In any event, it is not literal meaning of padme which gives direct intellectual
content to the mantra; it is only a visualization (albeit a fairly natural one)
which involves the thing denoted by that literal meaning.
Hum
At the end of the mantra we come to hum, which is like om in that it has no linguistic
meaning. Govinda, for the purposes of his explanation, assigns hum the character
of "the infinite in the finite" (Govinda 131):
In the experience of OM, man opens himself, goes beyond himself, by breaking through
the narrow confines of egohood or self-imposed limitation, and thus he becomes
one with the All, with the Infinite. If he would remain in this state, there would
be an end of his existence as an individual, as a living, thinking and experiencing
being. He would have attained perfect self annihilation, perfect quietude, but
also perfect immobility, passivity, emotionlessness, and insensibility with regard
to all differentiation and individuality not only within but also outside himself,
i.e. with regard to all living and suffering beings (Govinda 129).
Hum is the way to avoid this fate; to achieve enlightenment without losing one's
compassion for others.
The Dalai Lama takes a somewhat similar stance. For him, hum represents simply
"an indivisibility of method and wisdom" (Dalai Lama 117). Either way,
hum retains a large degree of elusiveness. It cannot be pinned down in terms of
definite meaning. Thus to a Tibetan Buddhist it is sacred and powerful, and to
a Westerner rather silly.
Om Mani Padme Hum
The mantra as a whole possesses the same characteristics as its individual parts.

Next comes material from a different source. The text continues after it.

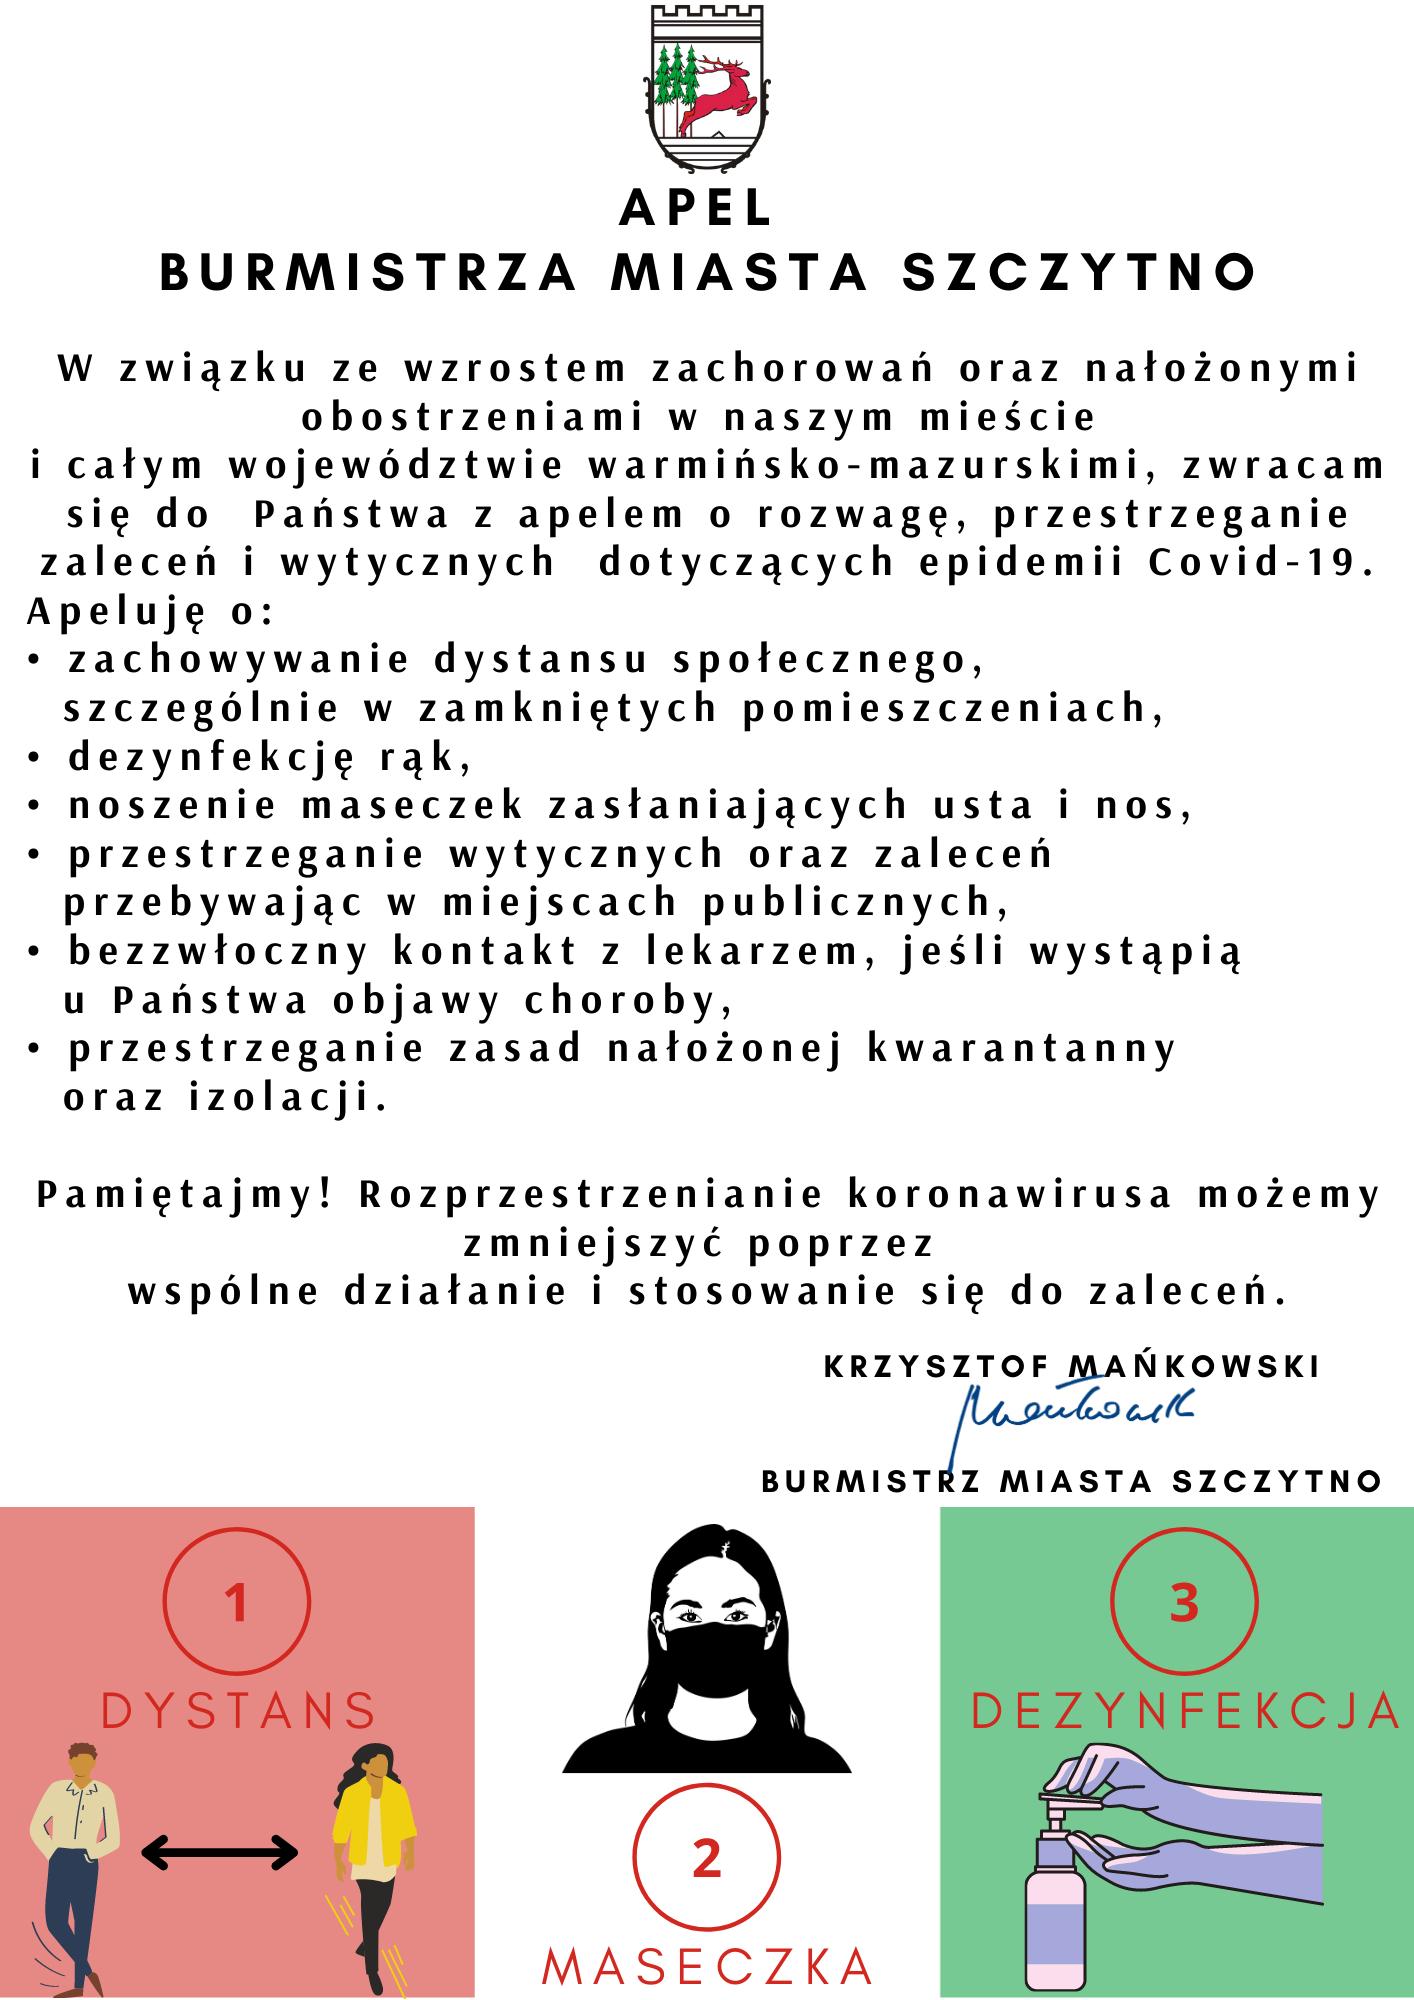 https://m.powiatszczycienski.pl/2021/02/orig/maintain-physical-distancing-38358.png

The masters may comment upon it and attempt to translate it into common language;
but the very power of the mantra derives from the fact that they are destined
to fail. For continuity's sake, and for the benefit of the reader who wishes to
get as firm a grip as possible on this particular mantra, I will provide the interpretations
offered by the two masters whose thoughts made the greatest contribution to this
paper.
Govinda states his summary as such: "OM represents the way of Universality,
MANI the way of Unity and Equality of all beings, PADMA the way of Unfolding Vision,
and HUM the Way of Integration."
The Dalai Lama prefers this statement of it: "Thus the six syllables, om
mani padme hum, mean that in dependence on the practice of a path which is an
indivisible union of method and wisdom, you can turn your impure body, speech,
and mind into the pure exalted body, speech, and mind of a Buddha."
Concluding Remarks
And so, what we have seen is that mantra falls into one trap of irrationality
and superstition by scrabbling too frantically to escape another. The Buddhist
movement, when first splitting from Hinduism, took actions which effectively freed
it from accusations that it resorted to the primitive incantations to invoke deities
and demons. In the place of gods, though, they erected the even flimsier edifice
of audio aesthetics. They deliberately left considerations of meaning out of the
process of formulating mantras (believing that meaning works counter to the power
of the mantra, rather than for it), and instead the relied on the "spontaneous
truth" they experienced through it-that is, their initial aesthetic reaction
to it.
Works Cited
The 14th Dalai Lama, Tenzin Gyatso. Kindness, Clarity, and Insight. Snow Lion,
Ithaca, NY, 1988.
Govinda, Anagarika Brahmacari. Foundations of Tibetan mysticism, according to
the esoteric teachings of the Great Mantra, Om Mani Padme H um. New York, Dutton,
1960.
Oliver, Mary. A Poetry Handbook: A Prose Guide to Understanding and Writing Poetry.
Harcourt Brace & Company, New York, 1994.